Dabei kann dahingestellt bleiben, ob die Software – unterstellt, das betreffende Fahrzeug würde tatsächlich über eine solche Software verfügen – tatsächlich als sogenannte unzulässige Abschalteinrichtung einzustufen ist. Jedenfalls stellen die §§ 5, 6, 27 EG-FGV keine Schutzgesetze i.S.d. § 823 Abs. 2 BGB dar. Mit der betreffenden Richtlinie 2007/46 EG wird jedenfalls nicht der Schutz eines einzelnen Erwerbers eines Kfz gegen Vermögensbeeinträchtigungen bezweckt.
4. Ein Verstoß gegen § 16 UWG wegen irreführender Werbung ist ebenso nicht ausreichend vorgetragen. So fehlt es bereits an dem Tatbestandsmerkmal „Angaben“ des § 16 Abs. 1 UWG. Mit diesem Tatbestandsmerkmal sind nur inhaltlich überprüfbare Aussagen tatsächlicher Art verbunden und gerade keine allgemeinen Anpreisungen oder offensichtlich nur reklamehaften Übertreibungen (vgl. u.a. Bornkamm, in: Köhler/Bornkamm, UWG, § 16 Rn. 7 m.w.N.).
5. Da somit keiner der geltend gemachten Ansprüche besteht, sind auch in diesem Zusammenhang behauptete vorgerichtlich entstandene Rechtsanwaltskosten nicht erstattungsfähig.
III.
Die Entscheidung über die Kosten des Rechtsstreits beruht auf § 91 Abs. 1 Satz 1 ZPO. Die Entscheidung über die vorläufige Vollstreckbarkeit folgt aus § 709 Sätze 1 und 2 ZPO.
IV.
Die Entscheidung über die Festsetzung des Streitwertes beruht auf §§ 2-5 ZPO i.V.m. § 40, § 43 Abs. 1 GKG.
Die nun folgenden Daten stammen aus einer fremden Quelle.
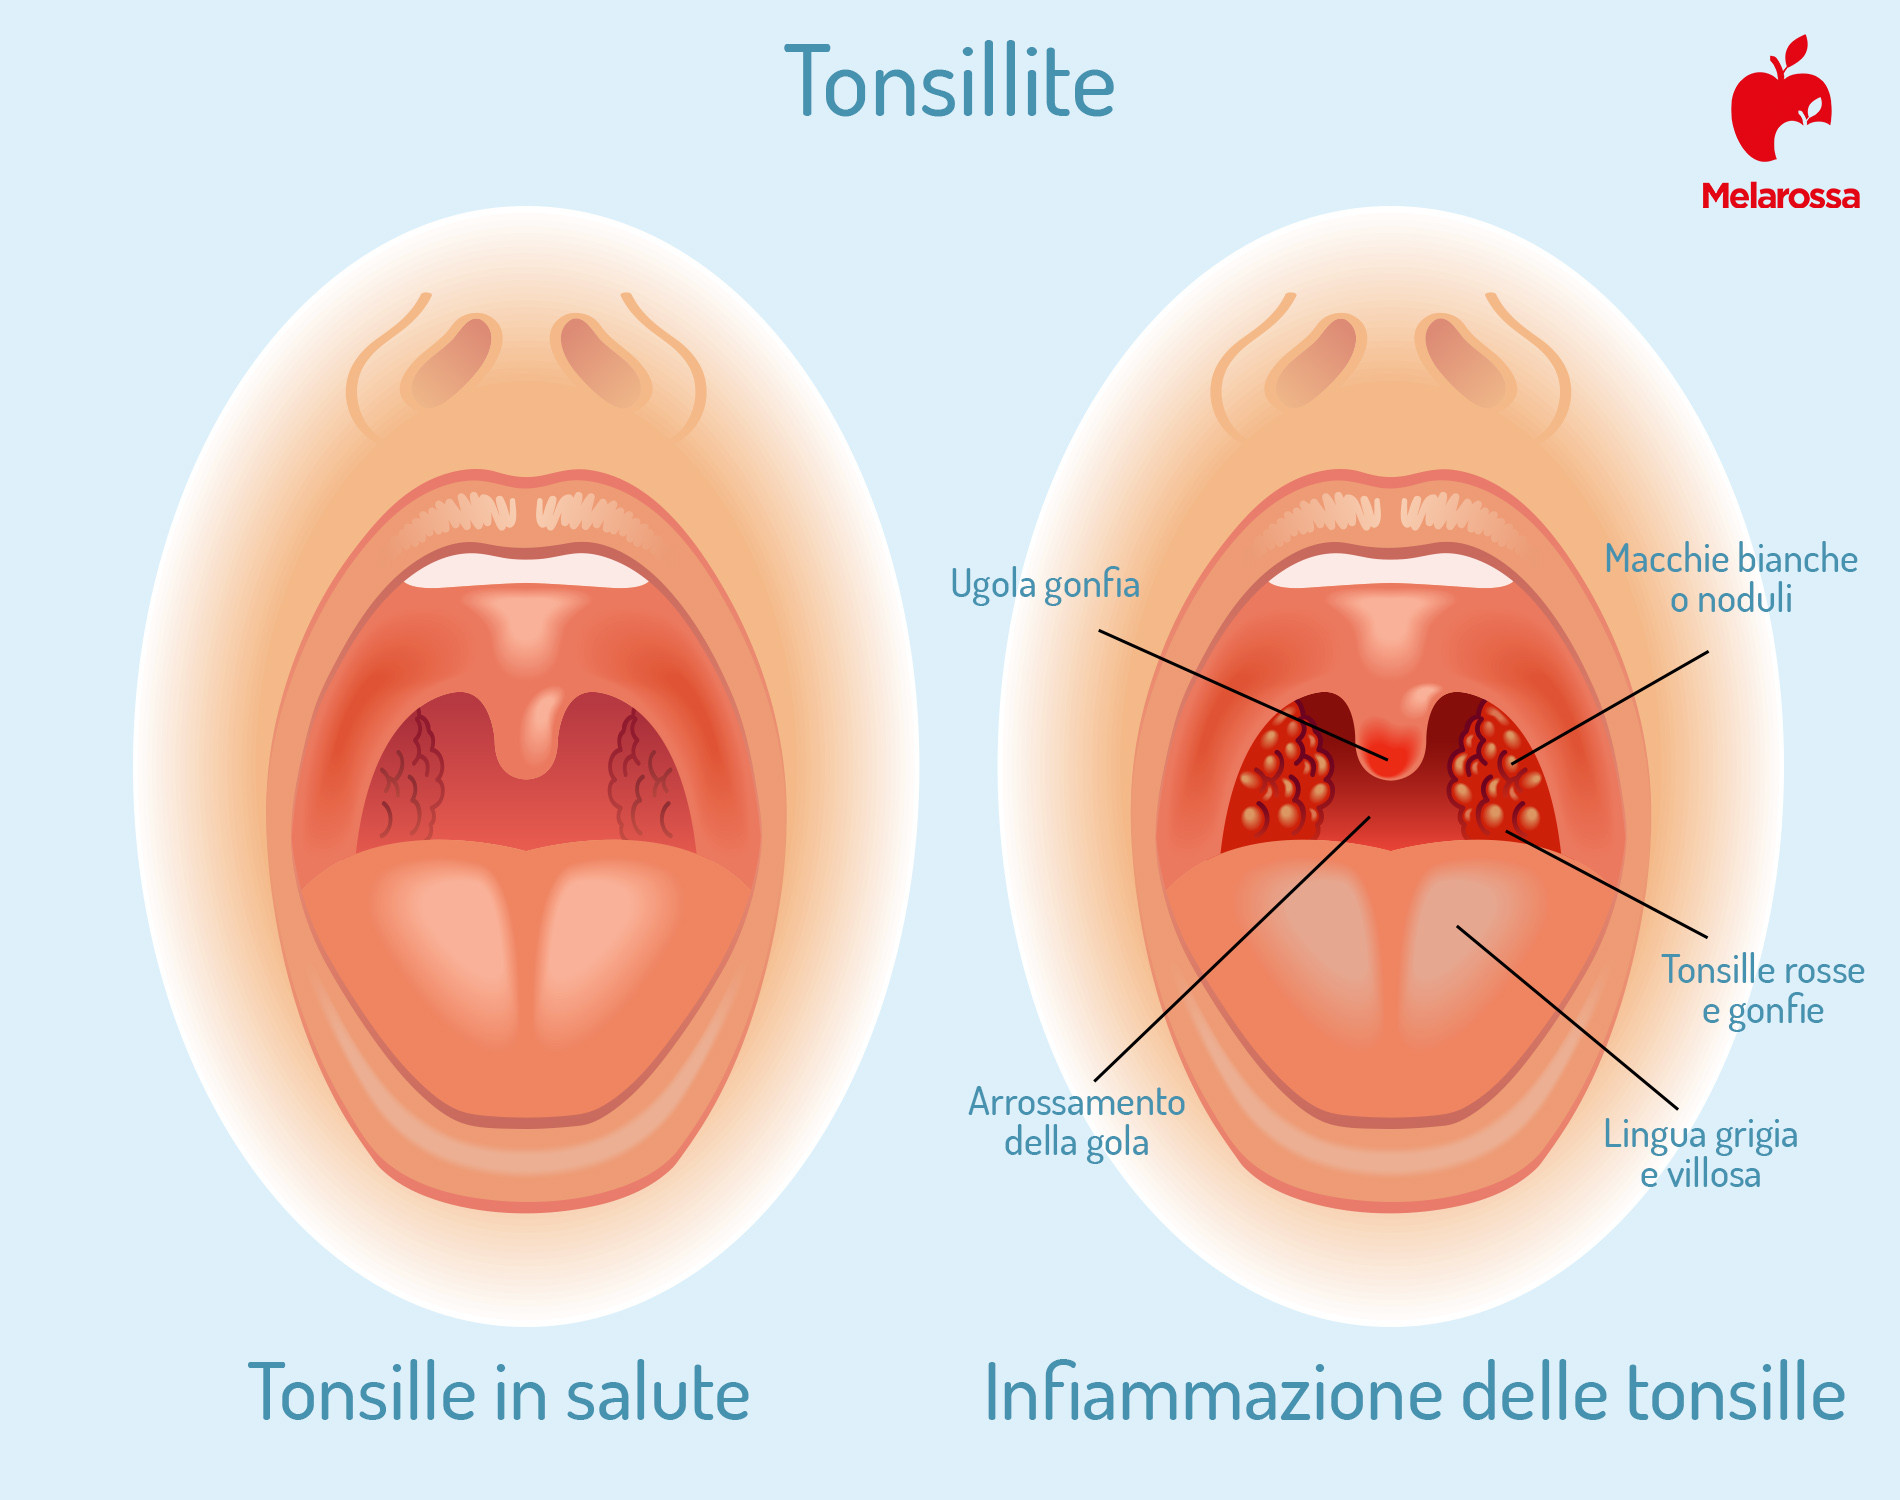 placche in gola: infiammazione delle tonsille

Der Streitwert war hinsichtlich des Leistungsantrages zu Ziffer 1) auf 27.642,61 EUR festzusetzen. Die Zug um Zug zu erbringenden Gegenleistungen der Klägerin beeinflussen diesen Wert nicht. Zug-um-Zug-Leistungen bleiben bei der Bestimmung des Streitwertes grundsätzlich außer Betracht (OLG Schleswig, Beschluss vom 30.01.2015, AZ: 5 W 14/15, s. Beck-RS 2015, 14467). Die Feststellung des Annahmeverzuges in Ziffer 2) hat keinen eigenständigen wirtschaftlichen Wert (BGH, Beschluss vom 19.12.2016, AZ: XI ZR 539/15, s. Beck-RS 2016, 115037). Ebenso der Antrag zu Ziffer 3).